One year ago, I got some really nice basic equipment, Ableton and a MIDI controller. And sooner or later, I'm going to stop calling music projects "my first real ____!!" Here are things I wish someone told me while starting out.
- Learn how to use stock tools. There's this reputation that plugins do all the hard work, especially seeing producers on YouTube pull out easily up to ten plugins in a single tutorial video. It's partly true, but it's an unproductive stereotype. No one can effectively throw on a shiny multiband parallel compressor plugin without knowing what each of those means, which requires some quality time with the basics.
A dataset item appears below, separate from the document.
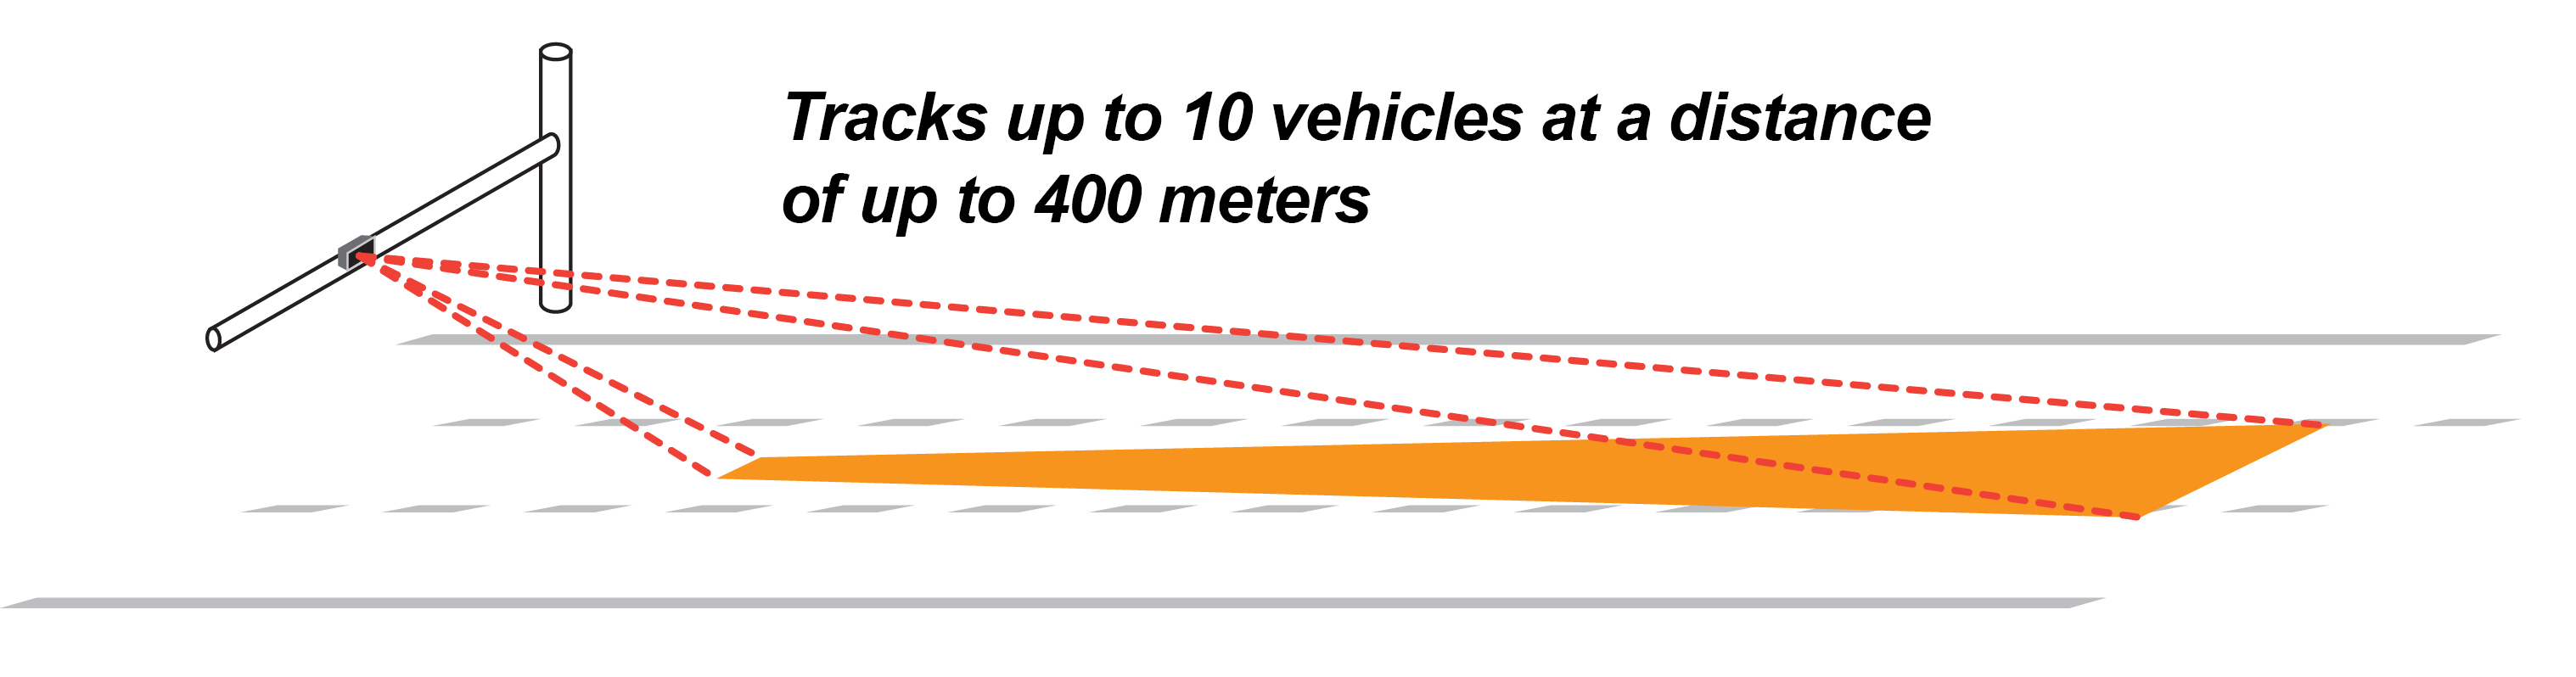 stalker radar s new stationary speed sensor ii s narrow 6 beam rh prweb com

- Around fall 2019, I dove headfirst into an EDM remix project for a competition without knowing the difference between reverb and delay. I spent around 40 hours getting to a mediocre mix but hey there's nothing like a deadline to push you to learn faster 😬
- A "curriculum" per se in rough order of how I'd advise learning about them: panning, gain, reverb, delay, parameter automation, equalizer, compressor, sidechain compression, limiter.
- Hunt for at least one free sample pack. I was always jealous of people on YouTube who start their tutorials with "and for my next trick I will pull a sample from my sample pack, link in the description!" OK, but I want to make sounds now, and I don't want them to sound exactly like yours, so what am I supposed to do?
- To be clear, I think the value is mostly in watching how they use that sample. Do they layer it? Do they shift other things in the arrangement to make space? What kinds of effects do they use on it?
- Starting from scratch will probably not end that well. I started out sound designing from scratch before I found samples, but I eventually swapped them out for ones I'd found. And then I swapped those out for even better samples. Sound design was a valuable exercise, but I don't plan to try again unless I'm somehow imagining something insanely specialized.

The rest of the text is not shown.